## Task 2. Heuristic user segmentation

In this task you should firstly parse the user logs. Then distiguish segments and count the *unique* uids in each segment. Sort the output by counts.

You may find more useful methods in the following sources:

* Book "Learning Spark: Lightning-Fast Big Data Analysis" by Holden Karau.

* [SparkStreaming Documentation](https://spark.apache.org/docs/latest/api/python/pyspark.streaming.html#pyspark-streaming-module)

* [HyperLogLog documentation](https://pypi.org/project/hyperloglog/), [HyperLogLog theory](https://databricks.com/blog/2016/05/19/approximate-algorithms-in-apache-spark-hyperloglog-and-quantiles.html)

* [Ua_Parser_documentation](https://pypi.org/project/ua-parser/0.7.0/)

In [1]:
import os
from time import sleep
from pyspark import SparkContext, SparkConf
from pyspark.streaming import StreamingContext

# You need also use this specific libraries
from ua_parser import user_agent_parser
from hyperloglog import HyperLogLog
from ua_parser import user_agent_parser


In [2]:
# # Here is an example of `user_agent_parser`
# from ua_parser import user_agent_parser
# ua = 'Mozilla/5.0 (iPad; CPU OS 7_0_4 like Mac OS X) AppleWebKit/537.51.1 (KHTML, like Gecko) Version/7.0 Mobile/11B554a Safari/9537.53'
# user_agent_parser.Parse(ua)

**NB.** Please don't change the cell below. It is used for emulation realtime batch arriving. But figure out the code, it will help you when you'll work with real SparkStreaming applications.

In [3]:
sc = SparkContext(master='local[4]')

# Preparing batches with the input data
DATA_PATH = "/data/course4/uid_ua_100k_splitted_by_5k"
batches = [sc.textFile(os.path.join(DATA_PATH, path)) for path in os.listdir(DATA_PATH)]

# Creating Dstream to emulate realtime data generating
BATCH_TIMEOUT = 5 # Timeout between the batch generation
ssc = StreamingContext(sc, BATCH_TIMEOUT)
dstream = ssc.queueStream(rdds=batches)

There are 2 flags used in this task. 
* `finished` flag indicates if the current RDD is empty.
* `printed` indicates the the result has been printed and SparkStreaming context can be stopped.

In [5]:
finished = False
printed = False

def set_ending_flag(rdd):
    global finished
    if rdd.isEmpty():
        finished = True

def print_only_at_the_end(rdd):
    global printed
    rdd.count()
    if finished and not printed:

        ans = rdd.sortBy(lambda x : x[1], ascending=False).collect()
   
        for key in ans:
            print("seg_"+key[0], key[1])
             
        printed = True

# If we have received empty an rdd, the stream is finished.
# So print the result and stop the context.

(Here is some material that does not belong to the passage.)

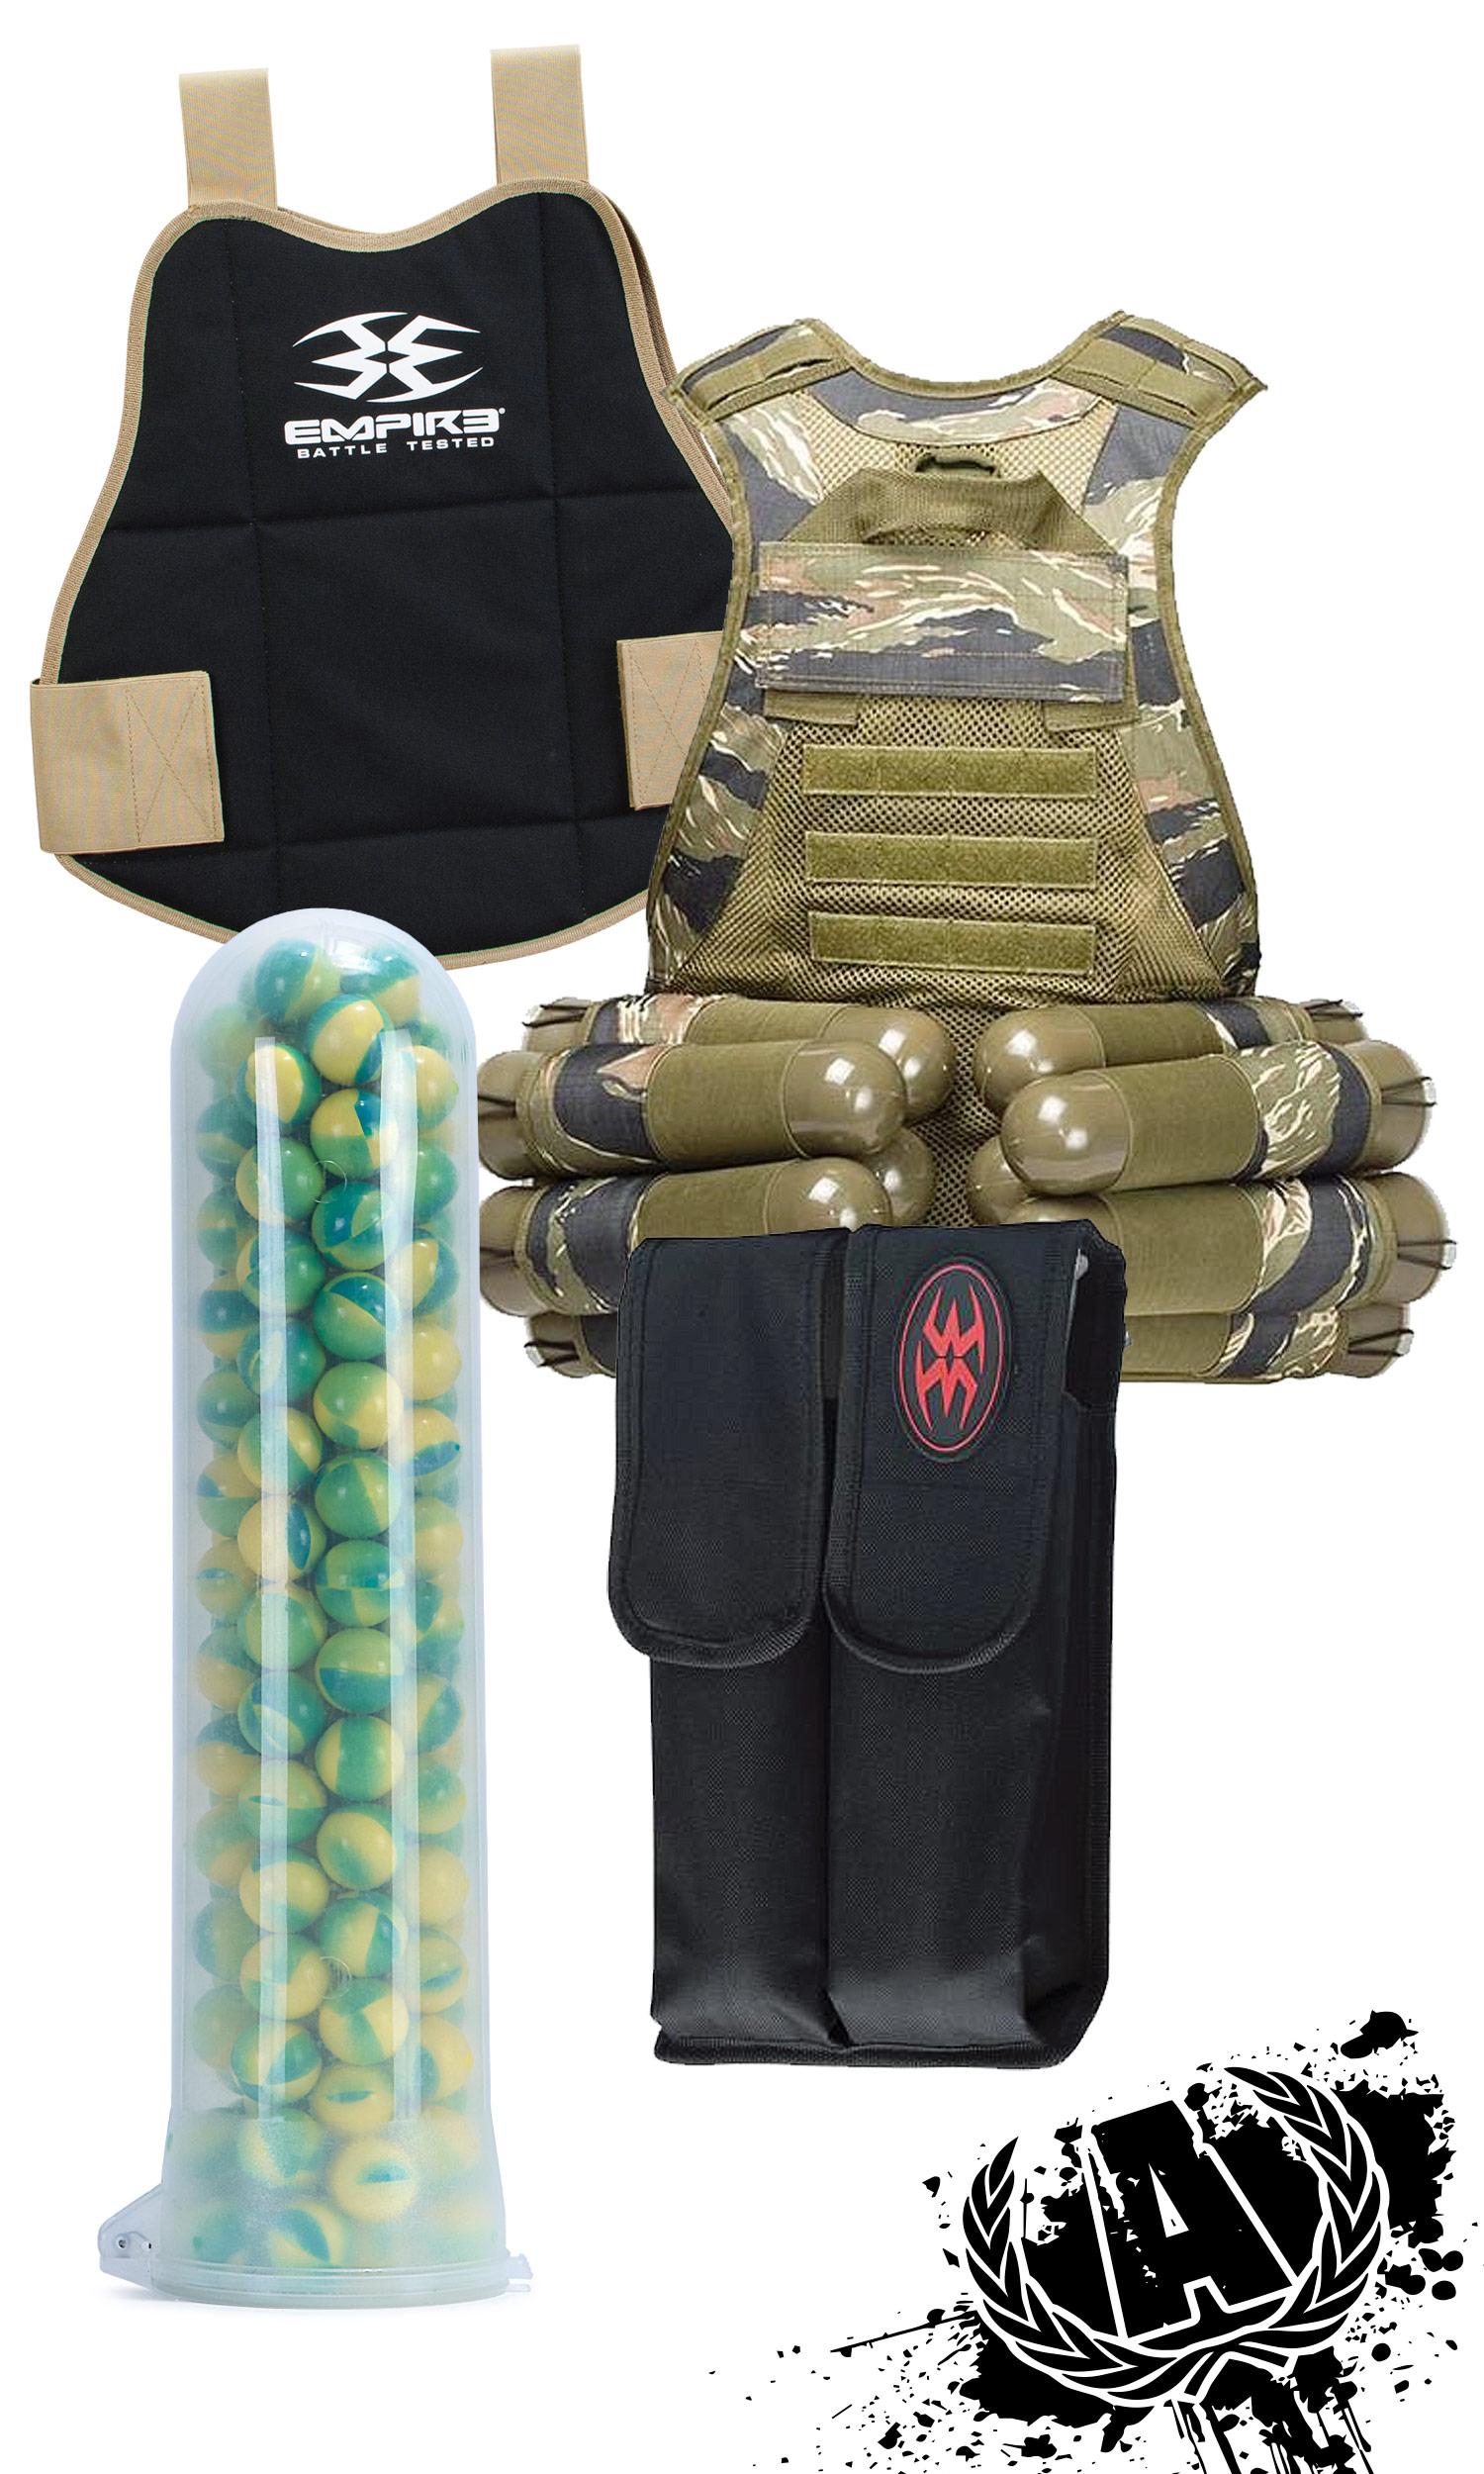 Protective Vest, Vest & Paintball carrier or Belt Paintball carrier    (Additional Paintballs not included)     Protective Vest $4.99 Vest carrier   $9.99  Belt carrier   $4.99

dstream.foreachRDD(set_ending_flag)

In [6]:
def aggregator(values, old):
    if not old :
        old = HyperLogLog(0.01)
    
    for value in values : 
        old.add(value)
        
    return old

In [7]:
def preprocess(line):
    
    line_split =  line.split("\t")
    user_hash = line_split[0]
    parsed_line = user_agent_parser.Parse(line_split[1])
    
    device = parsed_line['device']['family'].lower()

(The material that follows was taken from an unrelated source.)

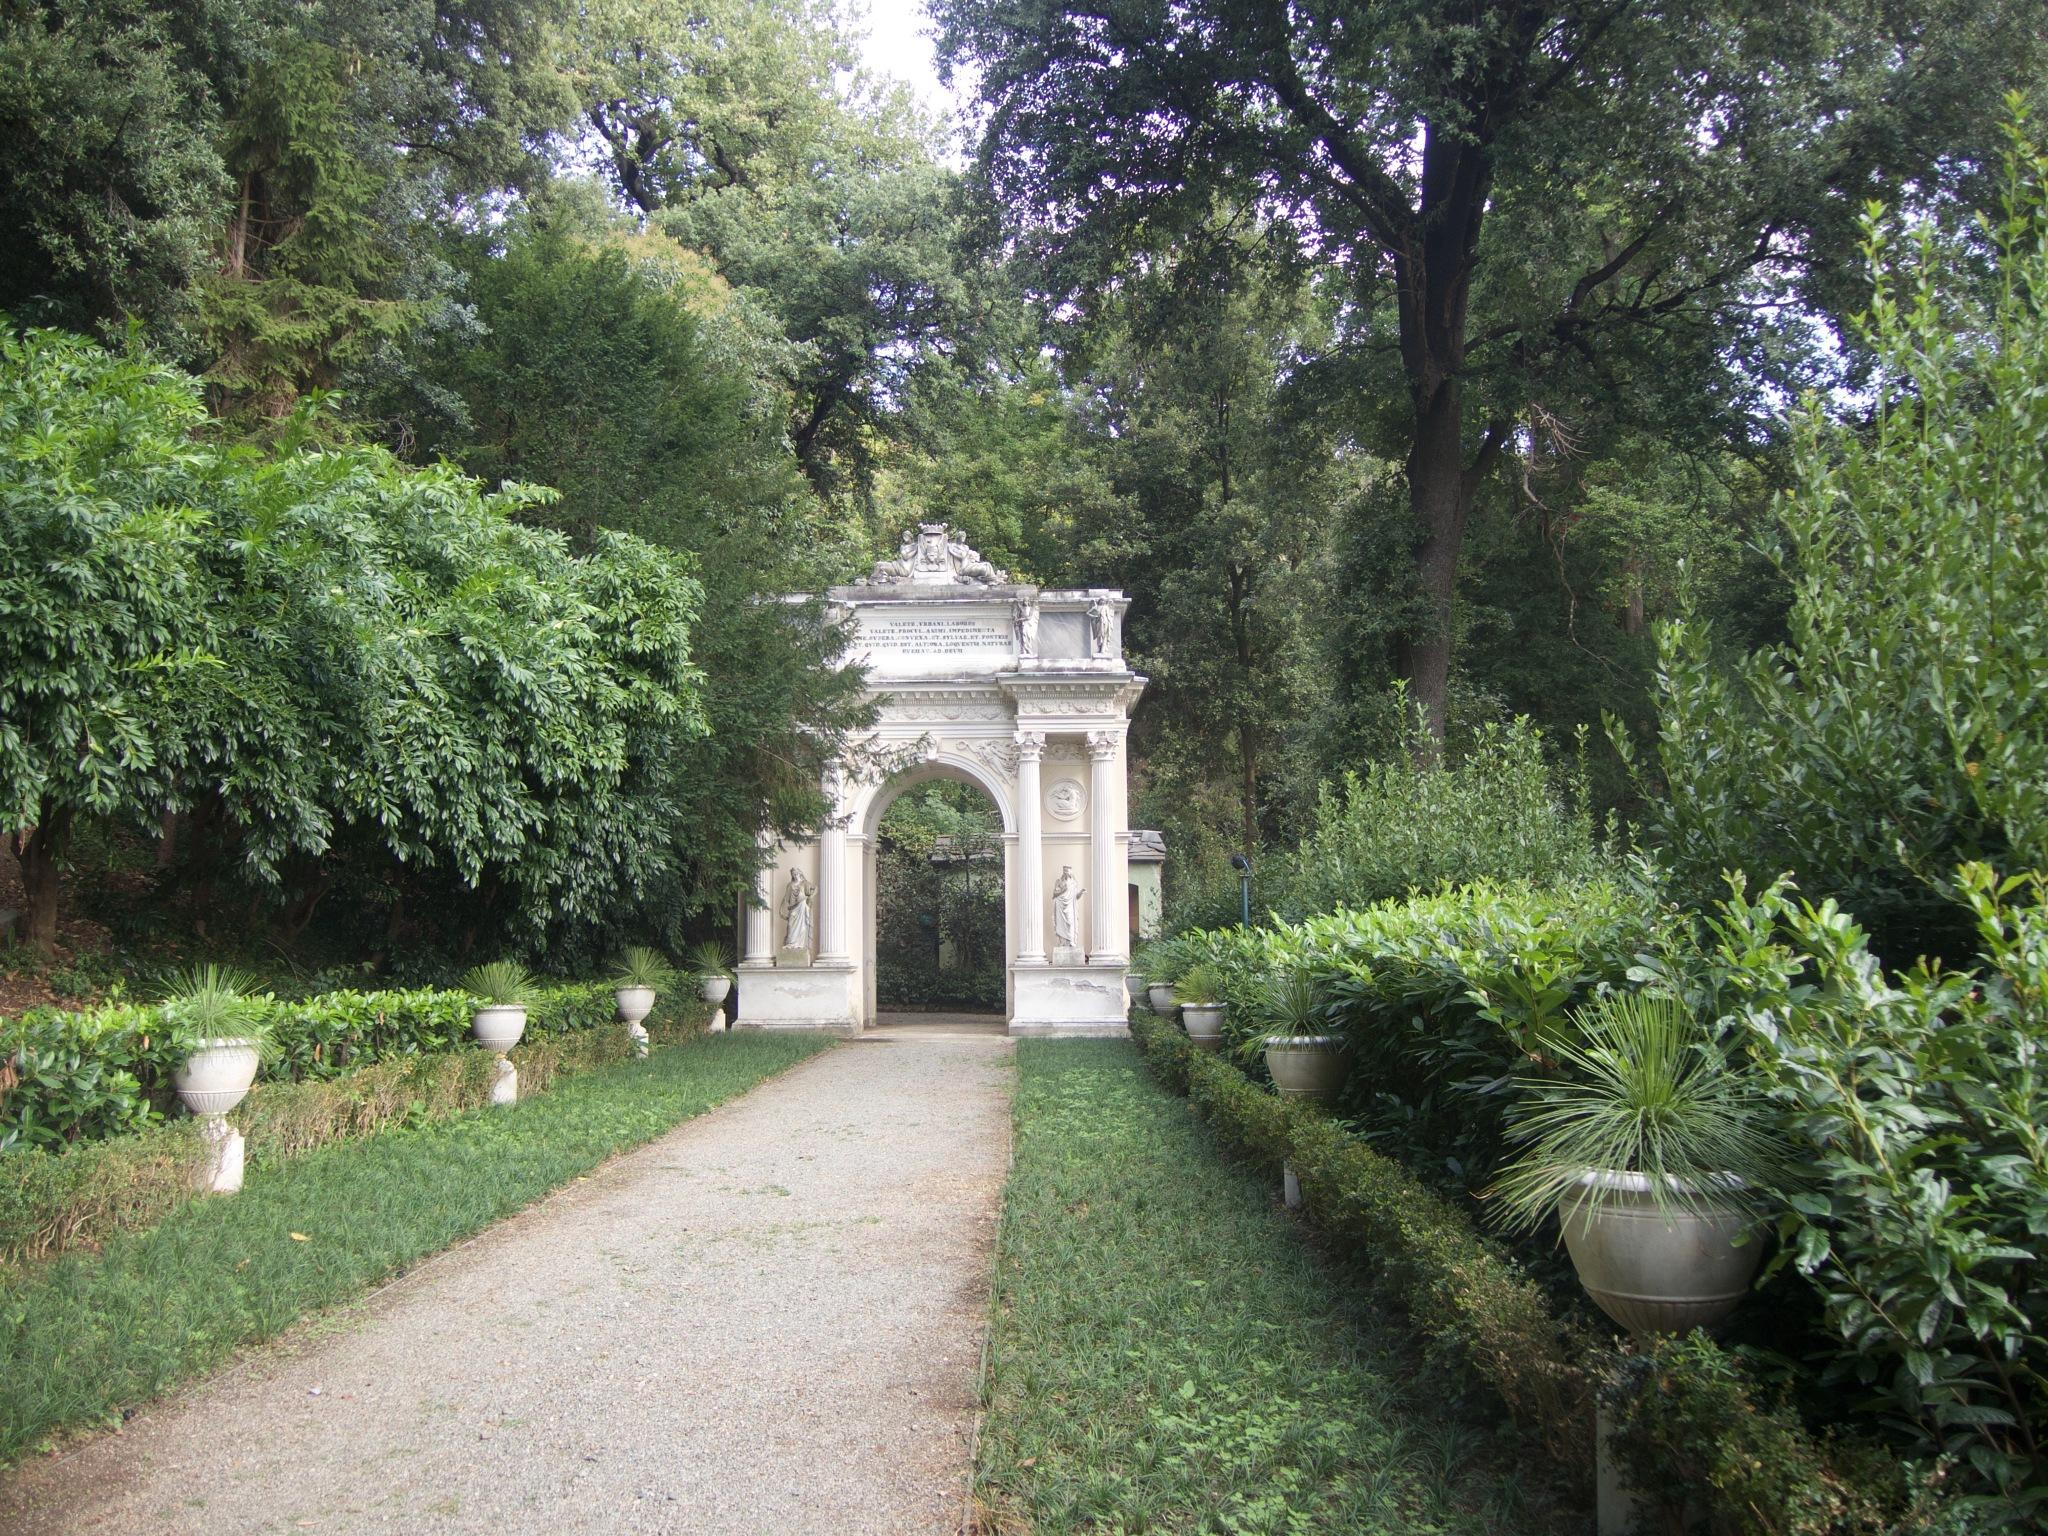 Villa Pallavicini in Genoa Pegli by Stefano Bagnasco

    browser = parsed_line['user_agent']['family'].lower()

    os = parsed_line['os']['family'].lower()
    
    list_tupples = []
    
    list_tupples.append((device, user_hash))
    list_tupples.append((browser, user_hash))
    list_tupples.append((os, user_hash))
    
    return list_tupples

In [8]:
def filter_devices(filter_tuple):
    word, _ = filter_tuple
    return word=="iphone" or word=="firefox" or word=="windows"

In [9]:
# Type your code for data processing and aggregation here


dstream.flatMap(lambda line: preprocess(line))\
       .filter(lambda word : filter_devices(word))\
       .updateStateByKey(aggregator)\
       .map(lambda tupple : (tupple[0], len(tupple[1])))\
       .foreachRDD(print_only_at_the_end)

    
    

**NB.** Please don't change the cell below. It is used for stopping SparkStreaming context and Spark context when the stream finished.

In [None]:
ssc.checkpoint('./checkpoint')  # checkpoint for storing current state        
ssc.start()
while not printed:
    pass
ssc.stop()  # when the result printed, stop the SparkStreaming context
sc.stop()  # stop the Spark context to be able restart the code without restarting the kernel

Here you can see the part of an output on the sample dataset:
```
...
seg_unknown 22377
seg_firefox 8237
...
```
Of course, the numbers may be different but not very much (the error about 1% will be accepted).